Nevertheless, Purcell said, attending Oxford and then Emory was an outstanding experience that prepared him well for a career in accounting and, later, public governance. Those who find success, he told the graduates, share several traits: helping others, demanding excellence, and not basing their opinions solely on the opinions of others. “Also, never agree to do anything you’re not committed to finishing—and finishing when you said you were going to,” said Purcell. “In school, it might be better late than never, but in reality, it’s better never than late.”

The Eady Sophomore Service Award was presented to Safiya Jetha 07OX, who “demonstrated over and over again that when something worthwhile needed doing” she appeared, said Dean of Campus Life Joseph Moon.

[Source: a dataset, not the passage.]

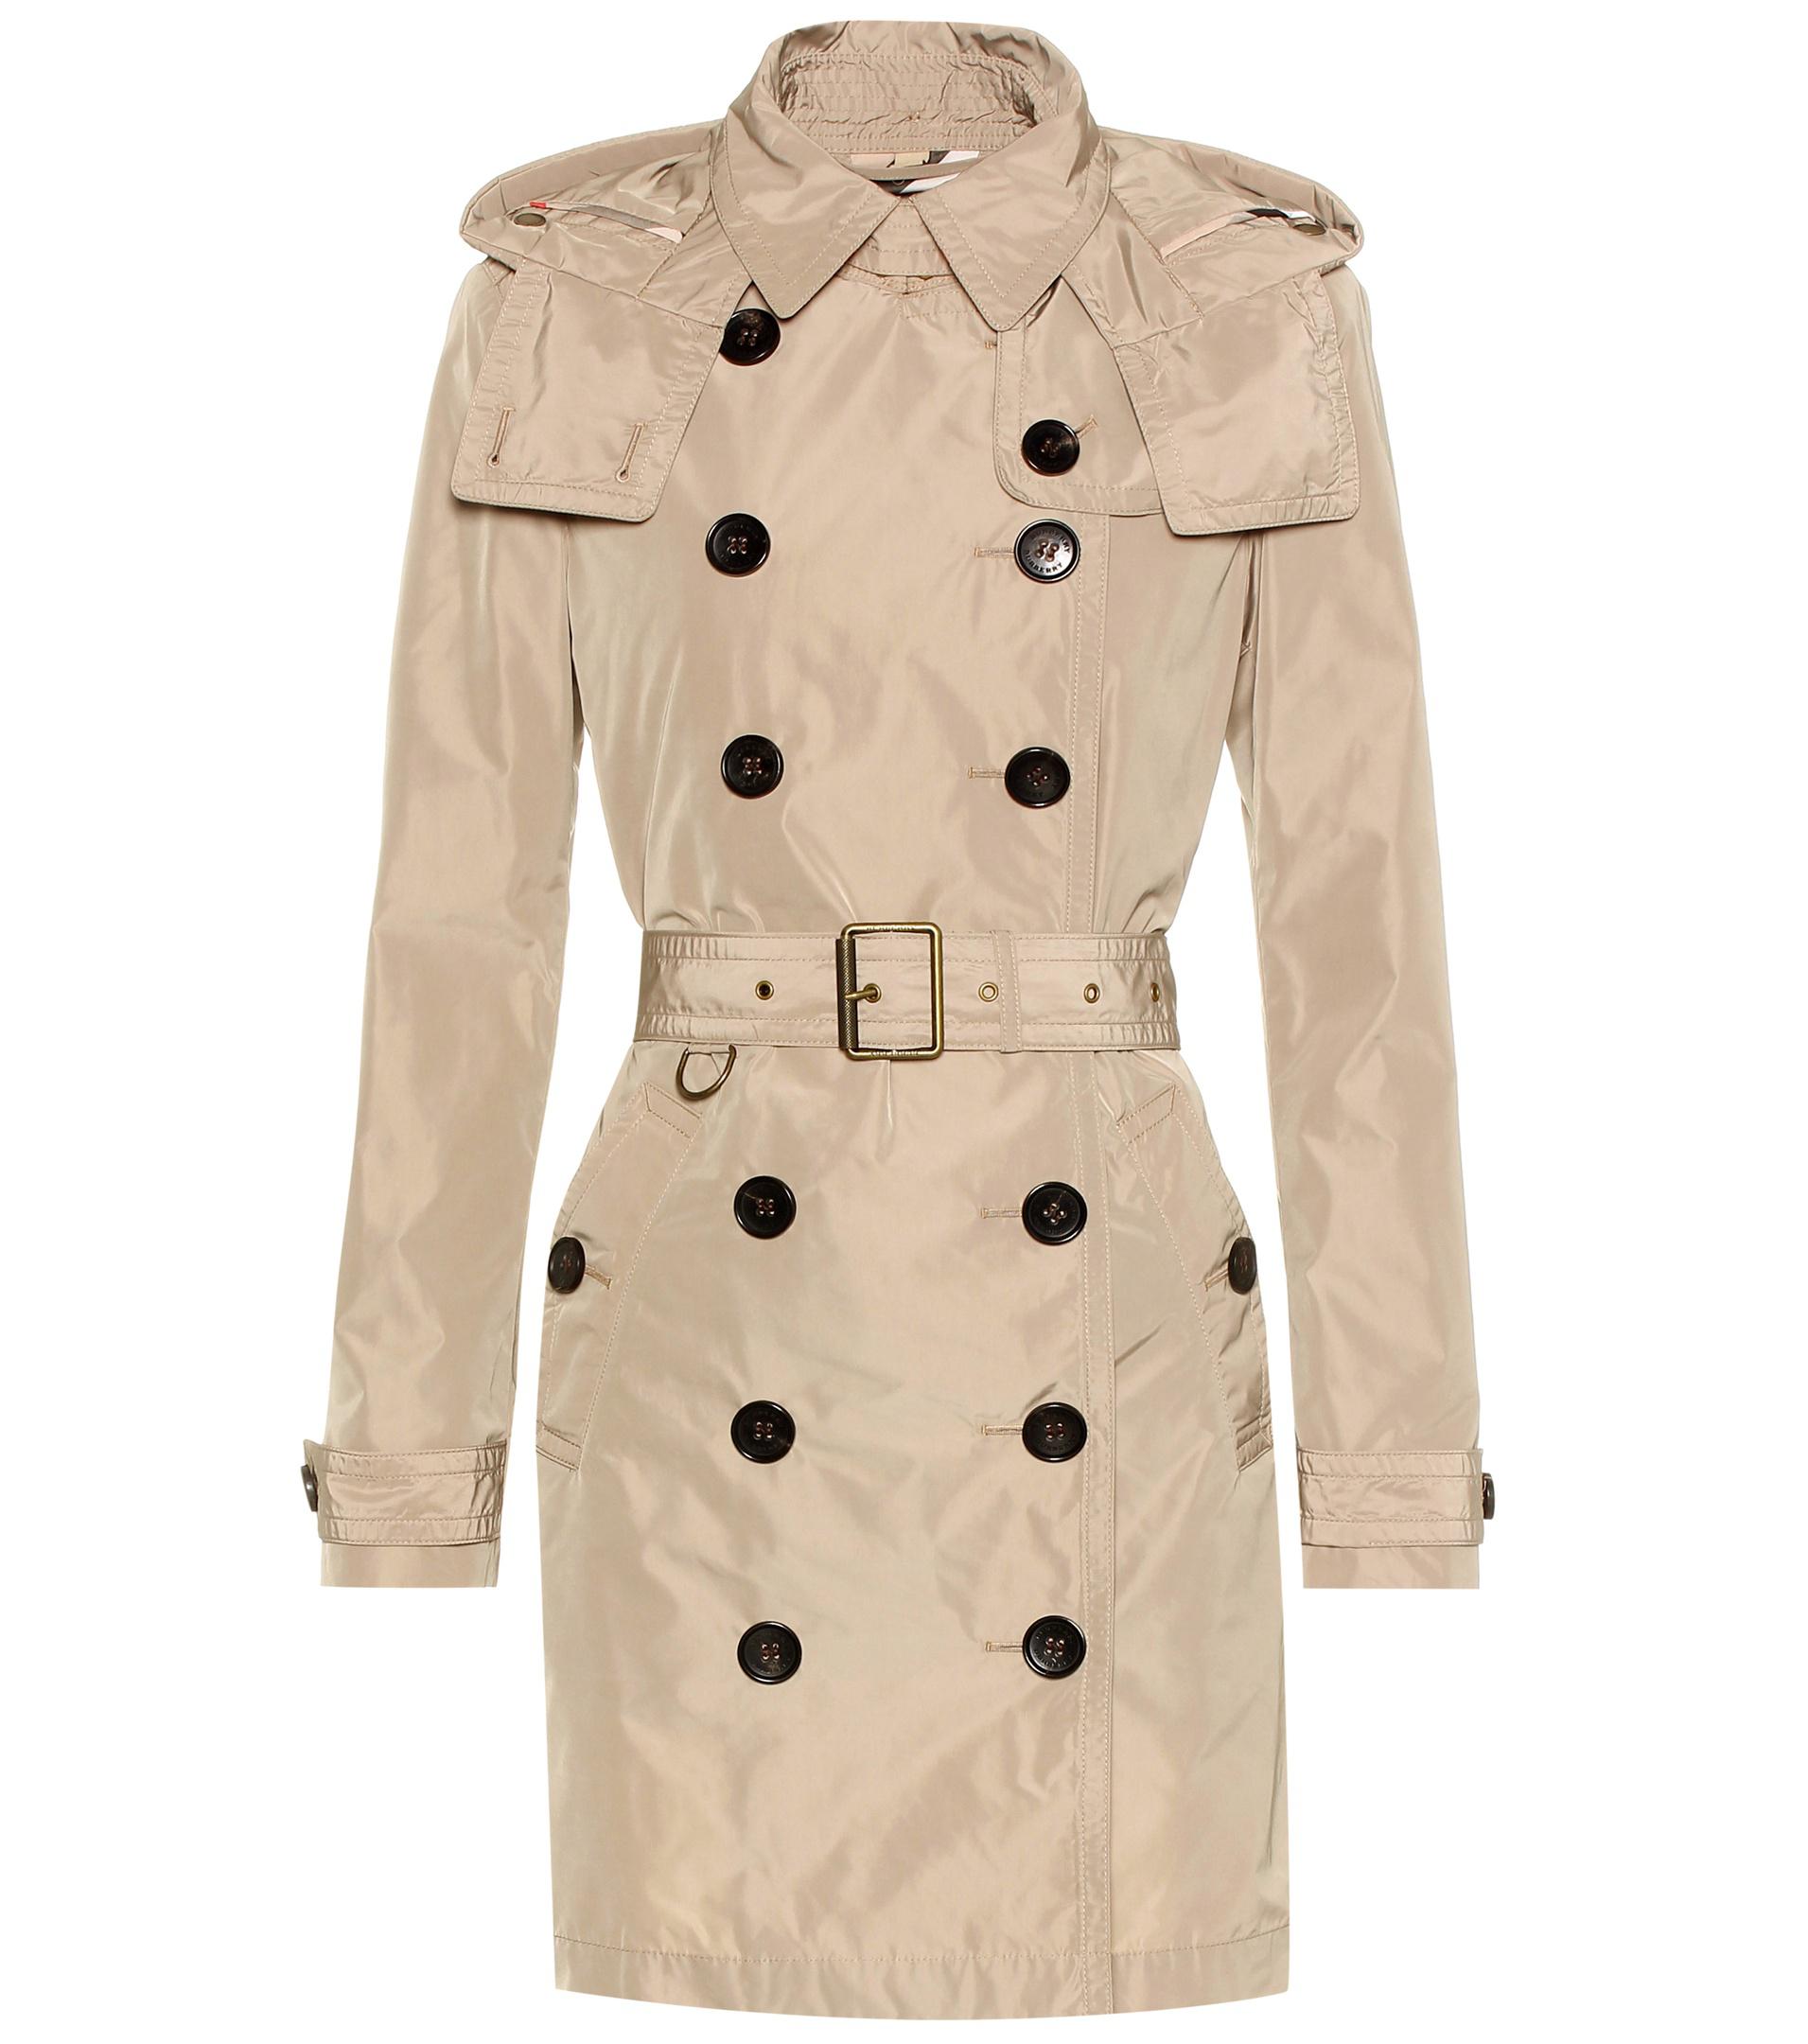 Burberry Balmoral Trench Coat in Beige (Natural) - Lyst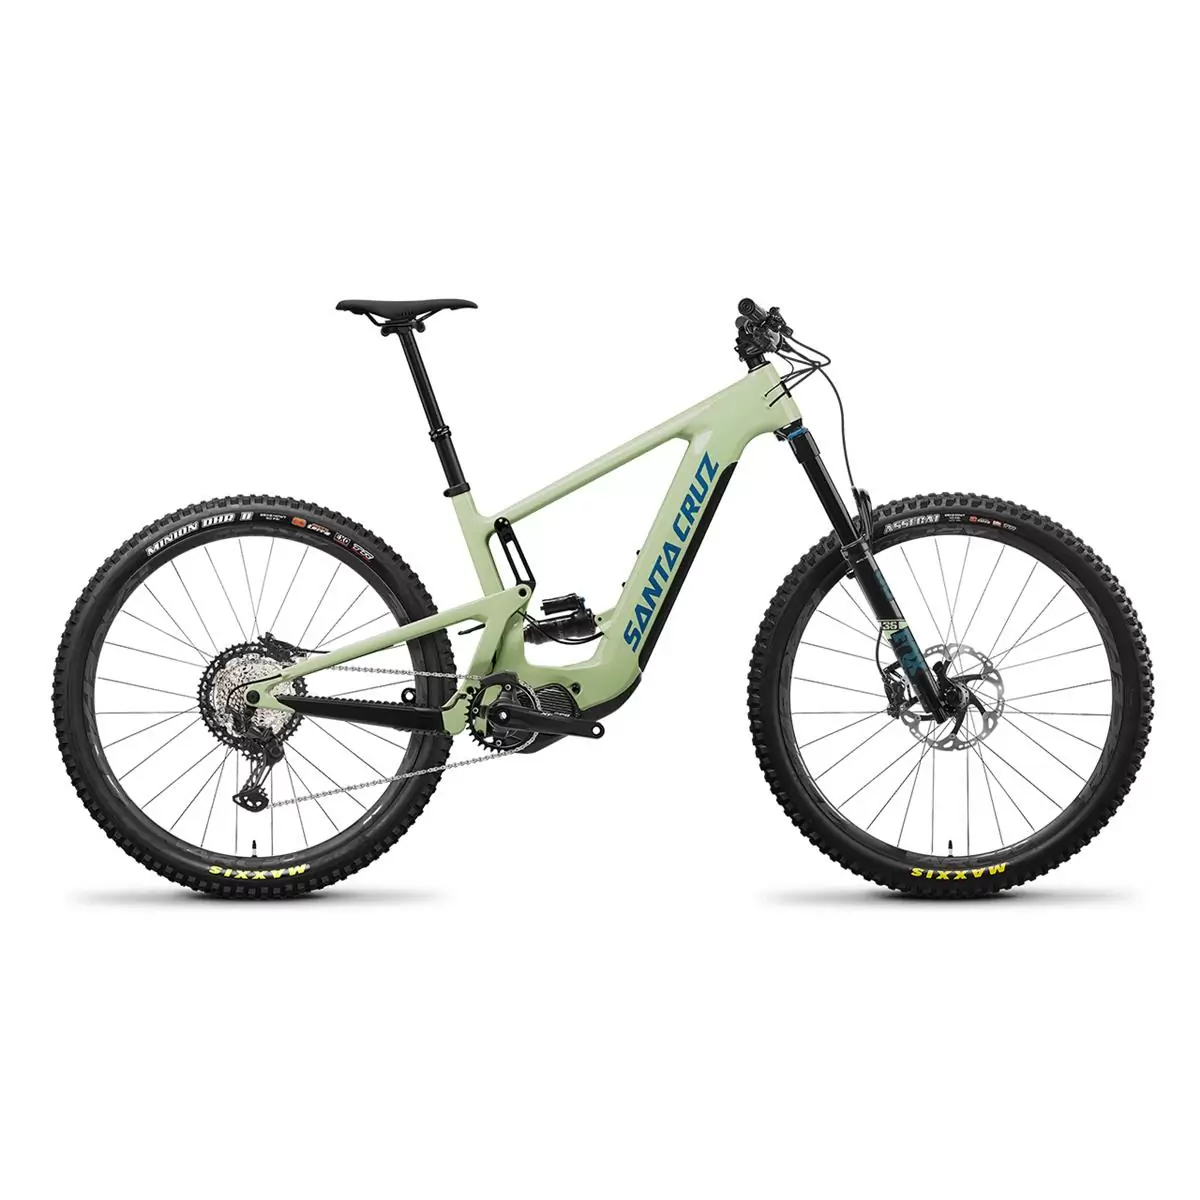 Heckler 9 C XT MX 29/27.5'' 160mm 12s 720Wh Shimano EP8 Verde Aguacate 2023 Talla M - image

Jetha was in the Oxford Chorale, Leadership Oxford, and served on the Freshman Council; she cooked with the Culinary Club, participated in POOCH (the college pet adoption program) and the Transforming Community project, was an officer in Outdoor Oxford, sang with Function of Five, and was involved in environmental conservation and sustainability efforts. She twice traveled with Oxford service groups to New Orleans.

Dean of Academic Affairs Kent Linville presented the Emory Williams Award for Distinguished Teaching to Professor William Shapiro, who has taught political science at Oxford for two decades. Former students said he “expects only the best and forces you to deliver the best,” “taught me to challenge myself and my academic conventions,” and praised his “confidence . . . and blunt candor.”—M.J.L.